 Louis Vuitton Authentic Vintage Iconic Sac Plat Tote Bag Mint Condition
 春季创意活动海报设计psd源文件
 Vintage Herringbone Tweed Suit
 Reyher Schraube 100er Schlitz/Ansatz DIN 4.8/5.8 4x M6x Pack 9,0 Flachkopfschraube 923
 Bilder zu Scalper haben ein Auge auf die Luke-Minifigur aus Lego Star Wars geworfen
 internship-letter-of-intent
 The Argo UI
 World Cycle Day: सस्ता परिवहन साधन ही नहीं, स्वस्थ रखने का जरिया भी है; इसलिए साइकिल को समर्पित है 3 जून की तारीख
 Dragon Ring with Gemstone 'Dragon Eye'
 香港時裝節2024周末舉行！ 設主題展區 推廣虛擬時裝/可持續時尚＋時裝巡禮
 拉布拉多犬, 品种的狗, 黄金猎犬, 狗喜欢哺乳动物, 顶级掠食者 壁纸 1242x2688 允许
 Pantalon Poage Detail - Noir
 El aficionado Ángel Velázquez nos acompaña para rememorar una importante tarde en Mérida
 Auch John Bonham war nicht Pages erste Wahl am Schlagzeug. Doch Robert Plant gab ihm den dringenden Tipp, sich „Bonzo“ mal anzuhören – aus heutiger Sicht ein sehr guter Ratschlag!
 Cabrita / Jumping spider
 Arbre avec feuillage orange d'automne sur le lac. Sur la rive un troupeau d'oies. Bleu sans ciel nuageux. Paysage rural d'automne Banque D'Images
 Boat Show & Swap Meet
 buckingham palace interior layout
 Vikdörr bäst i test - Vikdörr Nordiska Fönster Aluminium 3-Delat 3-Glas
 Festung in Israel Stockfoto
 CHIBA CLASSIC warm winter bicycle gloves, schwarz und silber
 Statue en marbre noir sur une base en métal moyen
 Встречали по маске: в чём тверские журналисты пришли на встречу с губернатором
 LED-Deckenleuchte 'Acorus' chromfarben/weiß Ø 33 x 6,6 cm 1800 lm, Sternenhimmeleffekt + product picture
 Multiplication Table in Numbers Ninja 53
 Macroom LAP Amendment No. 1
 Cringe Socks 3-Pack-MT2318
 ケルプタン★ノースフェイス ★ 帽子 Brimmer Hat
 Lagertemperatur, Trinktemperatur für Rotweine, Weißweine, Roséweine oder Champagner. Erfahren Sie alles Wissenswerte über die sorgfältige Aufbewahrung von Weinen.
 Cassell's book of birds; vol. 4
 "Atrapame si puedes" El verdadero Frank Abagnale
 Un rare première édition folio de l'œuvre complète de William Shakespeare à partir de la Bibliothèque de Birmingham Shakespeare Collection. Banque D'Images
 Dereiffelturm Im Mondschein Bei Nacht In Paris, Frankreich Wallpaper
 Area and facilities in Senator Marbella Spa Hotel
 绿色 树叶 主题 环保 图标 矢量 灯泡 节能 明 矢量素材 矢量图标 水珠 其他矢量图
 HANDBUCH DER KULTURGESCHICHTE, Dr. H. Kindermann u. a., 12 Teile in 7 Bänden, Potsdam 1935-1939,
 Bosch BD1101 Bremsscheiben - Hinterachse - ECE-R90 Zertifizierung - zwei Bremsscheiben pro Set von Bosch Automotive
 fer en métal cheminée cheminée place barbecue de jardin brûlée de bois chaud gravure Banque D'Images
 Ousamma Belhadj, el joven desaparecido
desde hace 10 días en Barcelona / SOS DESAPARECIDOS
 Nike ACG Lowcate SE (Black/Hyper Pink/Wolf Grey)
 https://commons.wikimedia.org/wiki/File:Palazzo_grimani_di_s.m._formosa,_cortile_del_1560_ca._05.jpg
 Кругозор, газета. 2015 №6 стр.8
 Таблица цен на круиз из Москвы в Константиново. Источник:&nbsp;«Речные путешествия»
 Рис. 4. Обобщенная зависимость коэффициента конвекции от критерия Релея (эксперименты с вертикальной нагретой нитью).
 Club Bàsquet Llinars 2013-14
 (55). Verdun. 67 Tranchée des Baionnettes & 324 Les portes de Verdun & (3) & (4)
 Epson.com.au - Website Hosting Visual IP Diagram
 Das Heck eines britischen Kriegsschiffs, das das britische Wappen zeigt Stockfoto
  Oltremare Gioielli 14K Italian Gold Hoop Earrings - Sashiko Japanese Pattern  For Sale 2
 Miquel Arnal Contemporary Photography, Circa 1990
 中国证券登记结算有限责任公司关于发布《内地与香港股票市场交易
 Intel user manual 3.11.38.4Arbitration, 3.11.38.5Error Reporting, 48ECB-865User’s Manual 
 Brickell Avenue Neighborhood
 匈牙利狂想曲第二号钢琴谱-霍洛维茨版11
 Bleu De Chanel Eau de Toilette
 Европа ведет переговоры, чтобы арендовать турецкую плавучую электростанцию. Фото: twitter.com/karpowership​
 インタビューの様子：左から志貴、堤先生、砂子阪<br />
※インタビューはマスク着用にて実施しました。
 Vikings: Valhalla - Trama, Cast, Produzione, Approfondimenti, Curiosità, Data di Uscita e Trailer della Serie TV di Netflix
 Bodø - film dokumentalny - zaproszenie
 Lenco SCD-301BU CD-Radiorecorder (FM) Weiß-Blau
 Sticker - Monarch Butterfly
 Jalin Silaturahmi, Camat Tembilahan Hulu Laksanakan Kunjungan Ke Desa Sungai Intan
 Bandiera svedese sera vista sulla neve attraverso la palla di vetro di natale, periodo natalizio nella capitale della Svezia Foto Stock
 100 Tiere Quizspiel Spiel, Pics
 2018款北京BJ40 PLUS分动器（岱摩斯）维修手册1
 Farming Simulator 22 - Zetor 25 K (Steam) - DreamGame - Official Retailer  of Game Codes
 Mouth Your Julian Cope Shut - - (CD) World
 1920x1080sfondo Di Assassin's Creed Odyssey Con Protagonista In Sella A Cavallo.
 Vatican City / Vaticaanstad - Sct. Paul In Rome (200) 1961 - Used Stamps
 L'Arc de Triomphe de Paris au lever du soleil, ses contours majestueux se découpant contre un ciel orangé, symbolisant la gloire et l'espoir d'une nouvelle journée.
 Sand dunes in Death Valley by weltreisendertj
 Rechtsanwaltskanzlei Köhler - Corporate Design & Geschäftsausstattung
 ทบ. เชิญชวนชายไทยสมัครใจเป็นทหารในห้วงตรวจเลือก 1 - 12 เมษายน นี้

====================

**What is being asked:**
Your answer should be the exact lines above from the one with "Festung in Israel Stockfoto" through the one with "verdadero Frank Abagnale", both included, and nothing besides.

**Response to this task:**
 Festung in Israel Stockfoto
 CHIBA CLASSIC warm winter bicycle gloves, schwarz und silber
 Statue en marbre noir sur une base en métal moyen
 Встречали по маске: в чём тверские журналисты пришли на встречу с губернатором
 LED-Deckenleuchte 'Acorus' chromfarben/weiß Ø 33 x 6,6 cm 1800 lm, Sternenhimmeleffekt + product picture
 Multiplication Table in Numbers Ninja 53
 Macroom LAP Amendment No. 1
 Cringe Socks 3-Pack-MT2318
 ケルプタン★ノースフェイス ★ 帽子 Brimmer Hat
 Lagertemperatur, Trinktemperatur für Rotweine, Weißweine, Roséweine oder Champagner. Erfahren Sie alles Wissenswerte über die sorgfältige Aufbewahrung von Weinen.
 Cassell's book of birds; vol. 4
 "Atrapame si puedes" El verdadero Frank Abagnale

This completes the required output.